Hoy se cumple un mes de la muerte de papá y me sigue doliendo de la misma forma tan intensa como cuando me levanté a llevarle el desayuno y lo encontré muerto. Al menos el ángel de la muerte se lo había llevado estando en los brazos de Morfeo. Me tranquilizaba saber que en sus últimos minutos de vida no había sufrido. Aun cuando no quería que su hora llegara, en el fondo sabía que era inevitable y no tenía ningún sentido postergar las cosas.

Eso no quería decir que no lo extrañara cada maldito segundo.

Me levanté a las malas, sabiendo que en unos minutos Shirley vendría a dejarme las tareas de esta semana. Me negaba a salir de casa, cosa que los maestros y el director de la preparatoria comprendían y por lo cual, no tenían problema en enviarme mis deberes con algún compañero.

Me parecía innecesario, para algo existe el internet desde hace años, podía recibir mis deberes por correo o por cualquier otra red social, pero no quisieron hacerlo de ese modo. No iba a quejarme, y menos cuando me daban la oportunidad de molestar a la pelirroja cada vez que venía.

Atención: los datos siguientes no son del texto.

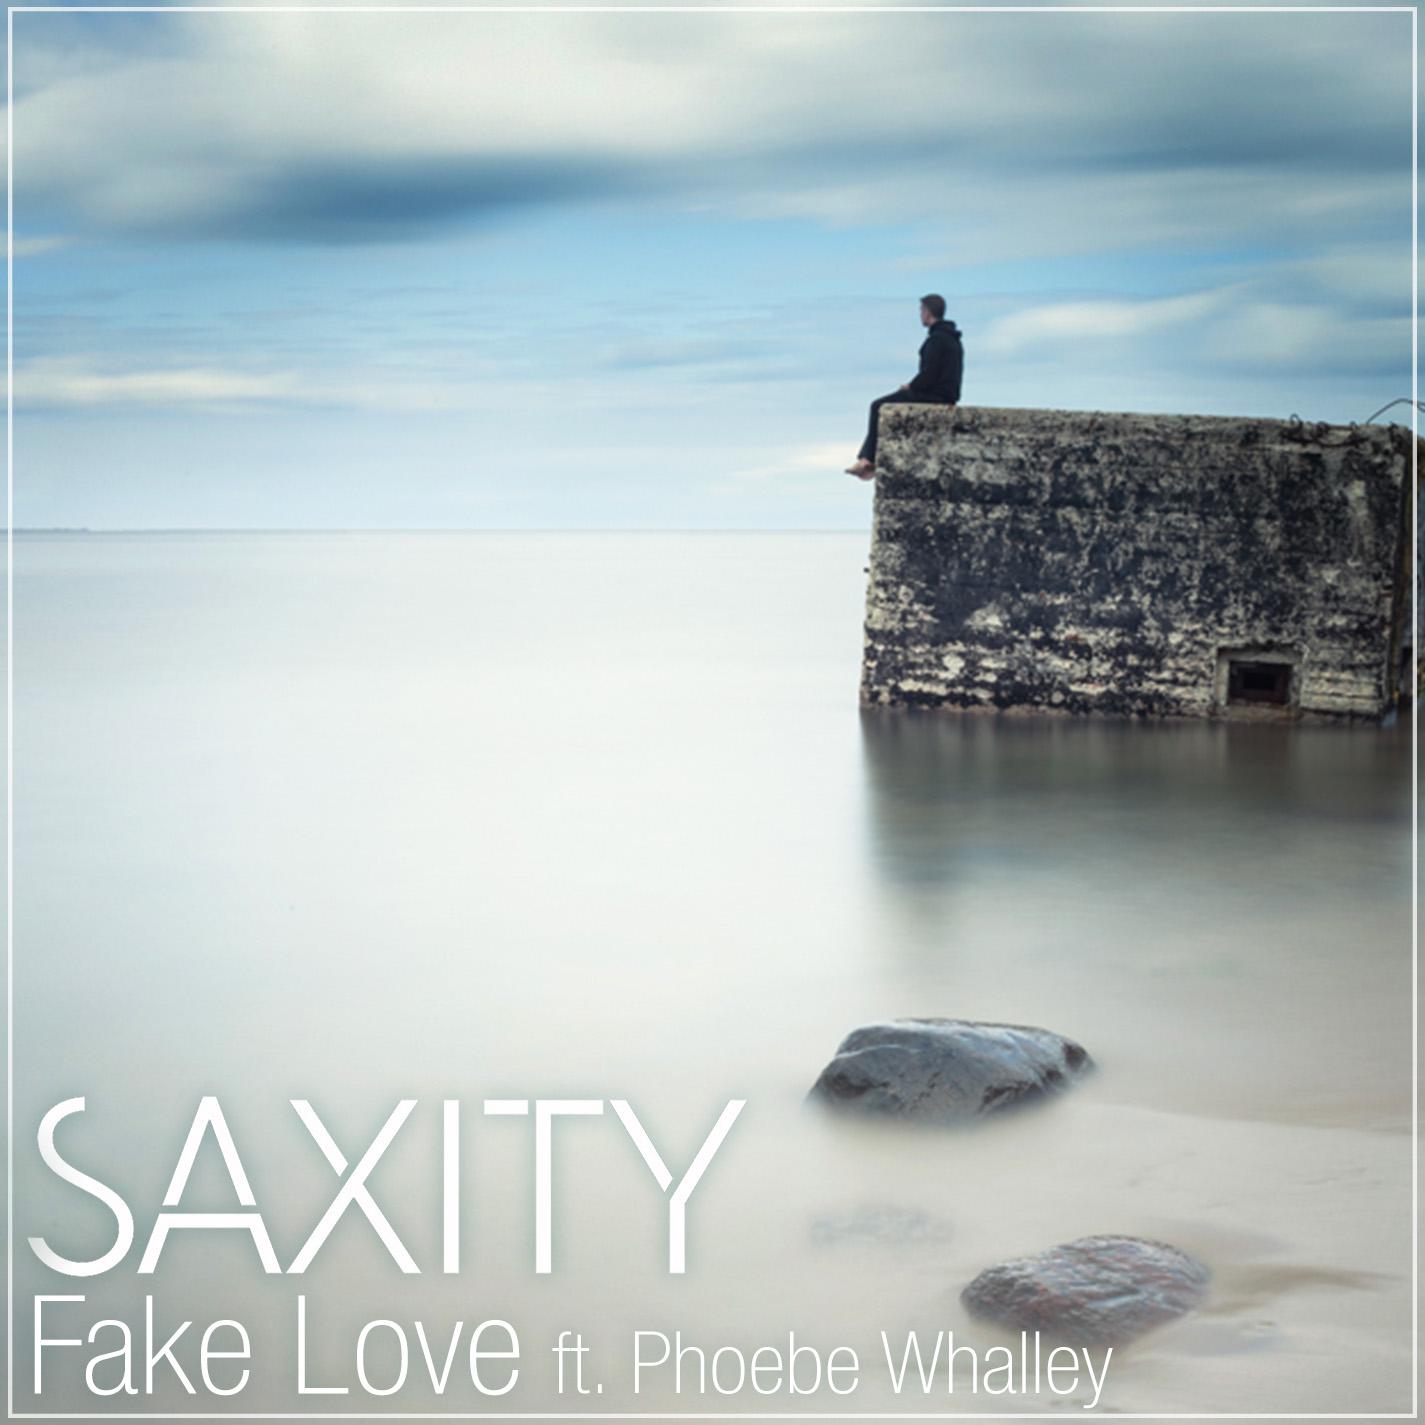 drake fake love mp3 free download
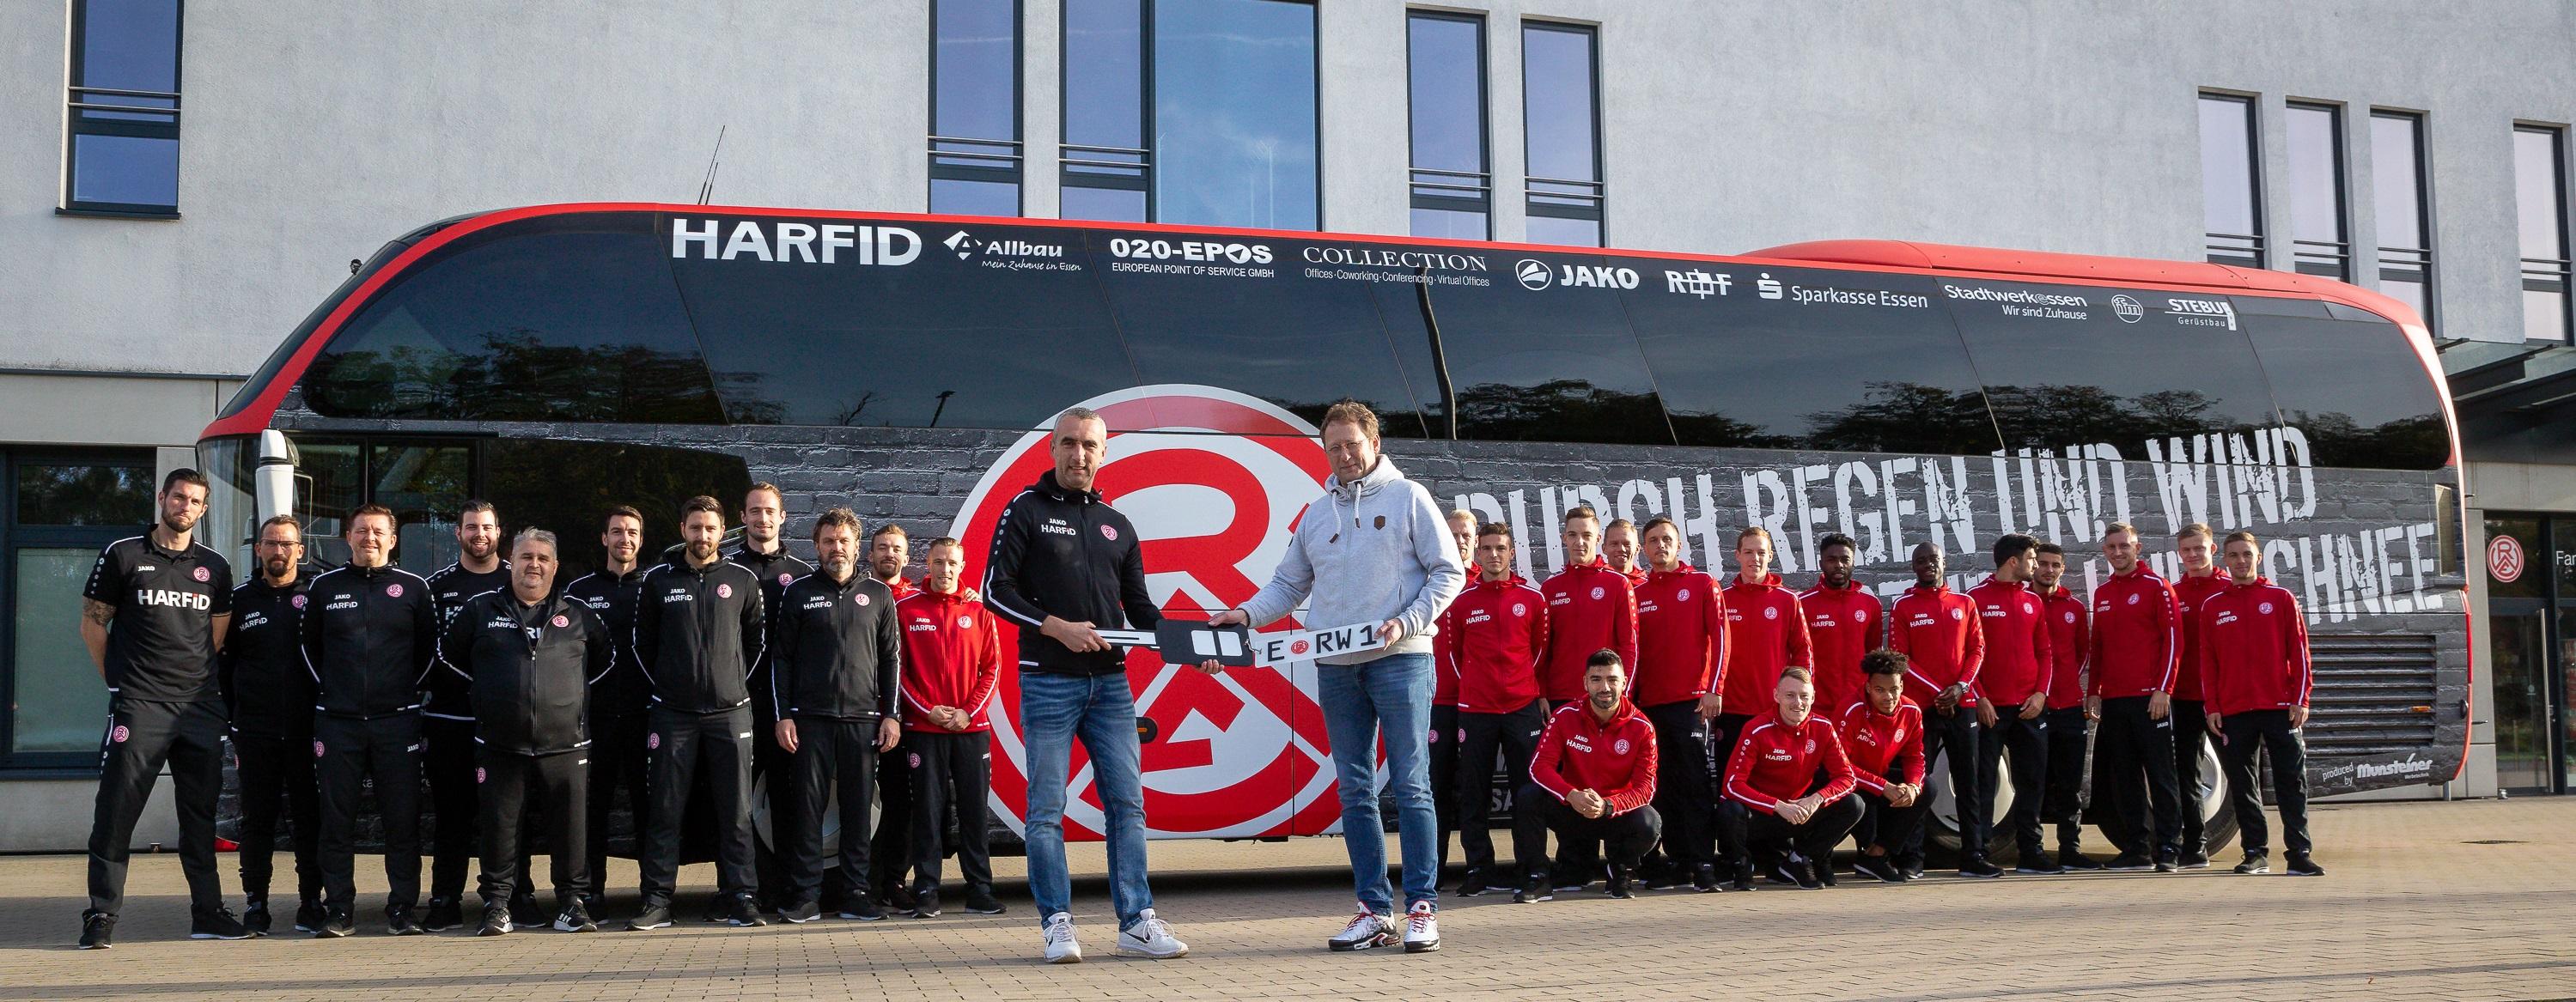 Die 1. Mannschaft reist ab sofort mit einem Bus im RWE-Design zu ihren Auswärtsspielen. (Foto: Endberg)

Luego de salir de la ducha, me quede viendo mi reflejo en el espejo por unos segundos.— Estás en la inmunda, Blythe.

Estaba ojeroso, había adelgazado considerablemente y tenía los ojos hinchados aun después de ducharme. El timbre de la puerta interrumpió mi análisis corporal y me obligó a ir rápidamente a atender a la ojiazul.

Mostré mi mejor sonrisa al verla.— Ya te estabas tardando, Shirley.

Anne rodo los ojos, su semblante de enfado cambio radicalmente al verme. Sin camiseta. Y estaba seguro que su gesto de asombro no se debía por estar viendo mi pecho desnudo —al menos no del todo— sino por la extrema delgadez que se me notaba.

—¿Por qué no estás comiendo bien?— me pregunta con enojo.

Me pongo nervioso, queriendo evadir el tema, me hago el desentendido.— ¿Cómo sabes que no...?

—¡Porque no soy estúpida, Blythe!— gruñe, entregándome los libros con fuerza y pasando a mi casa, en dirección a la cocina.

Ella jamás había entrado a mi casa por voluntad propia.

—¿Qué haces?— cuestionó, dejando los libros sobre el comedor y acercándome a ella.

Está sacando ingredientes de la alacena y encendiendo la estufa.— ¿Tú qué crees?

Anne Shirley Cuthbert iba a cocinarme. Por elección propia. ¿O estaba alucinando? Tendría sentido lo de las alucinaciones, después de todo, esa última semana en especial no había comido casi nada. Comer tan mal ya estaba afectando terriblemente a mi cerebro.

—Anne, no es necesa...

—Sí, sí lo es, no me voy a ir de aquí hasta que hayas comido bien.

Esa agresividad con la que expulso sus palabras me hizo retroceder un poco, sabía por experiencia que era mejor no contradecirla cuando estaba enfadada. O hacerla enojar en general.

Ese golpe que me dio en la mejilla con el libro de historia seguía doliendo cada vez que lo recordaba.

Si un golpe de esos me había dejado mudo, no quería saber cómo sería si me da un sartenazo.

Era mejor no averiguarlo.

—De acuerdo, pero solo si tú también comes lo que vas a preparar, no vaya a ser que tu plan sea intoxicarme.— le aclaró con un tono burlesco.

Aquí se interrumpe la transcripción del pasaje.